Sounds like Rattlers are good.....for beer at least!

[/quote]

Hey Gene,

We only saw 2 in the whole time (30 years) that we lived at the foot of Escudilla Mountain and they were both Mojave Greens, I have never seen the Mojave at that altitude before and as you say they are few and far between up there, made a hat band of both of them.

We have a California King snake and a few Red Racers (Coachwhips) and alot of gopher snakes in the yard and the Ironwood woodpile but they eat rattlesnakes so we leave them alone.

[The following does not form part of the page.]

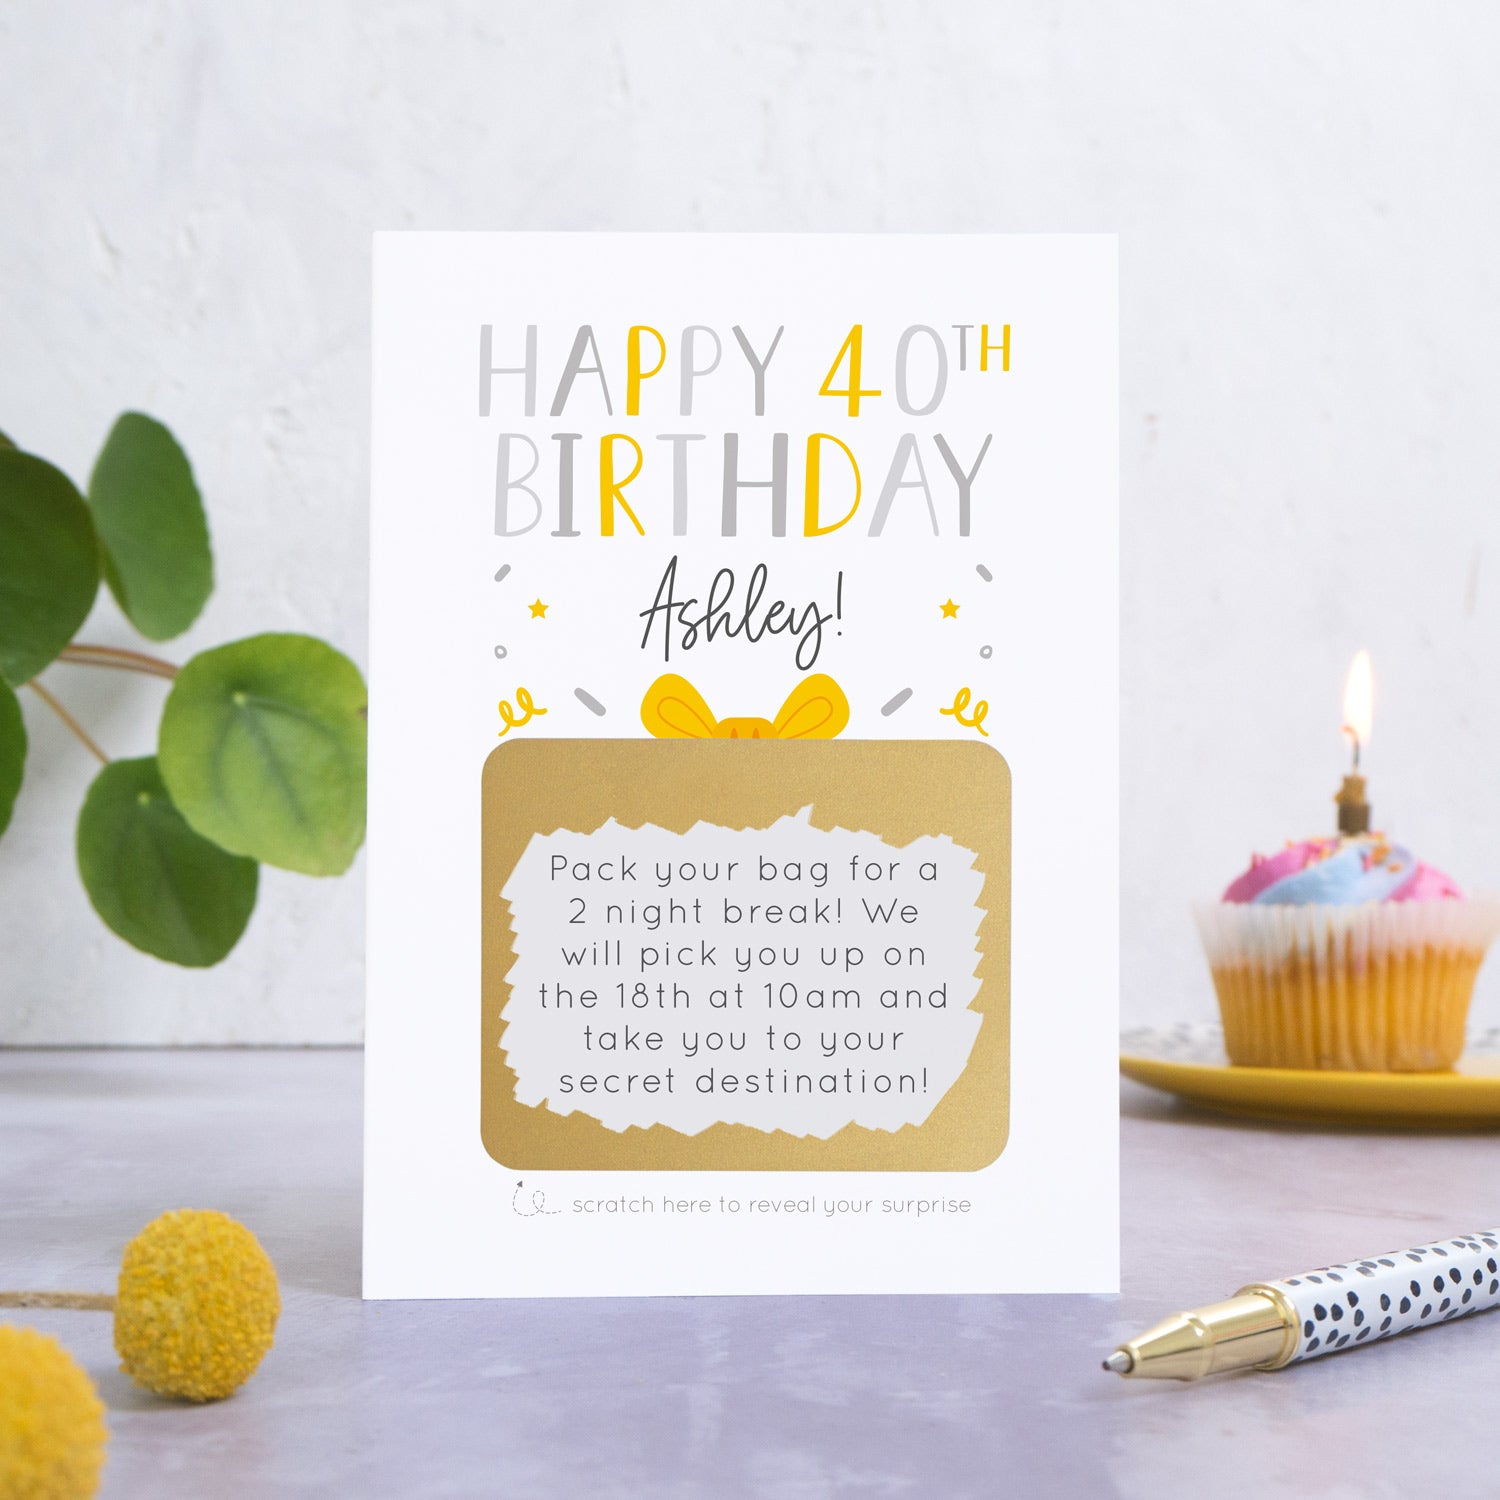 A personalised happy 40th birthday scratch card in grey that has been photographed on a white and grey background. There is foliage and yellow flowers on the left and a cupcake and a pen to the right. The card features the recipients name and a scratch panel that has been scratched off revealing a personalised message.
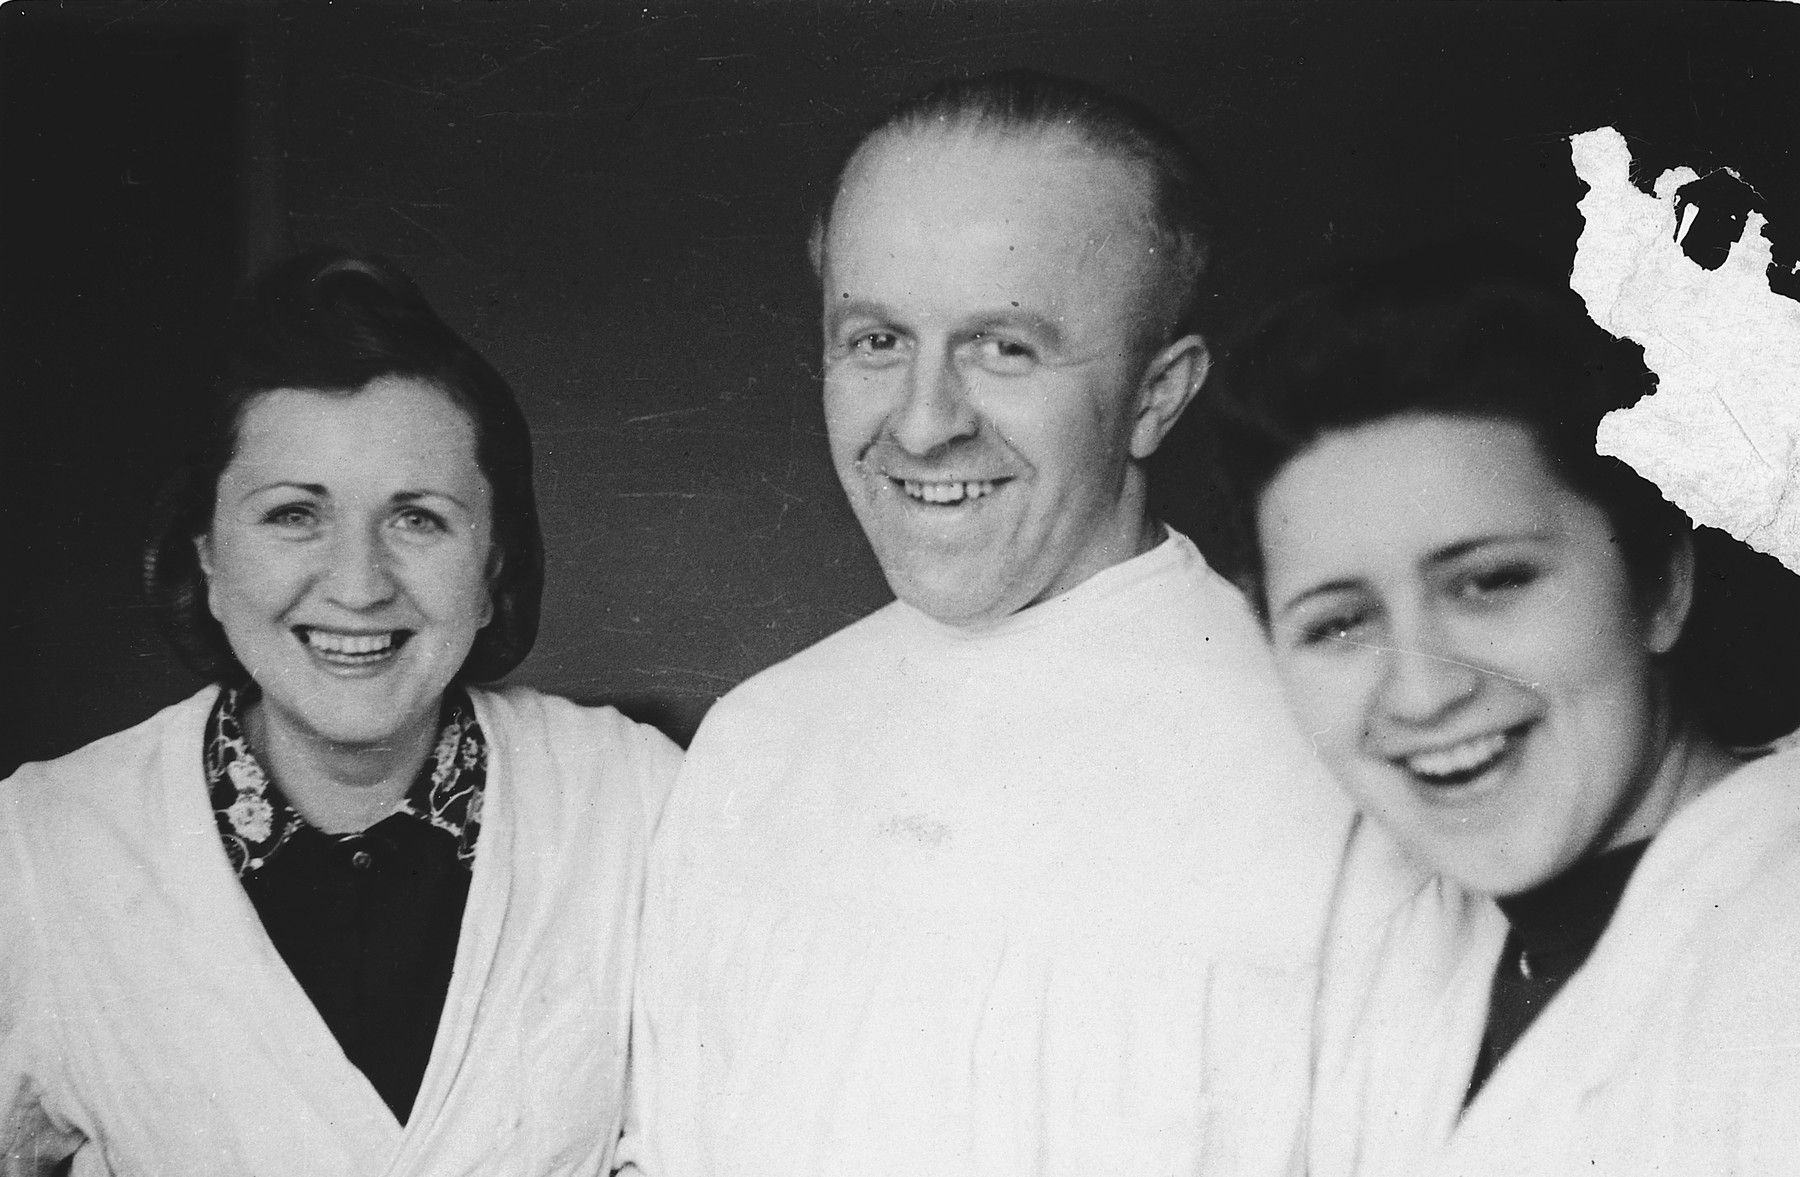 Lala Grunfeld poses with a Nazi dentist and another dental technician while hiding as a Polish woman in Warsaw.

I tan the Diamondbacks and they keep me in beer!
[/quote]


----------



## LoneStar (Jun 24, 2012)

Looks like a pen blank size diamondback  About 10"-12" ?
I collected many hundreds of rattlers in West Texas for the venom labs, but the real beer money was the rest of the critters for pet stores. Milksnakes, Kingsnakes, Bulls, Gophers, tarantulas, scorpions, vinegaroons, whip scorpions. Those were good times


----------



## Brink (Jun 24, 2012)

Ick!


----------



## Kenbo (Jun 24, 2012)

I love snakes, but from a distance. I'm pretty sure that coming face to face with a diamond back would pretty much make me fill my shorts to say the least. Glad you weren't hurt. Thanks for sharing the picture. Pretty cool.


----------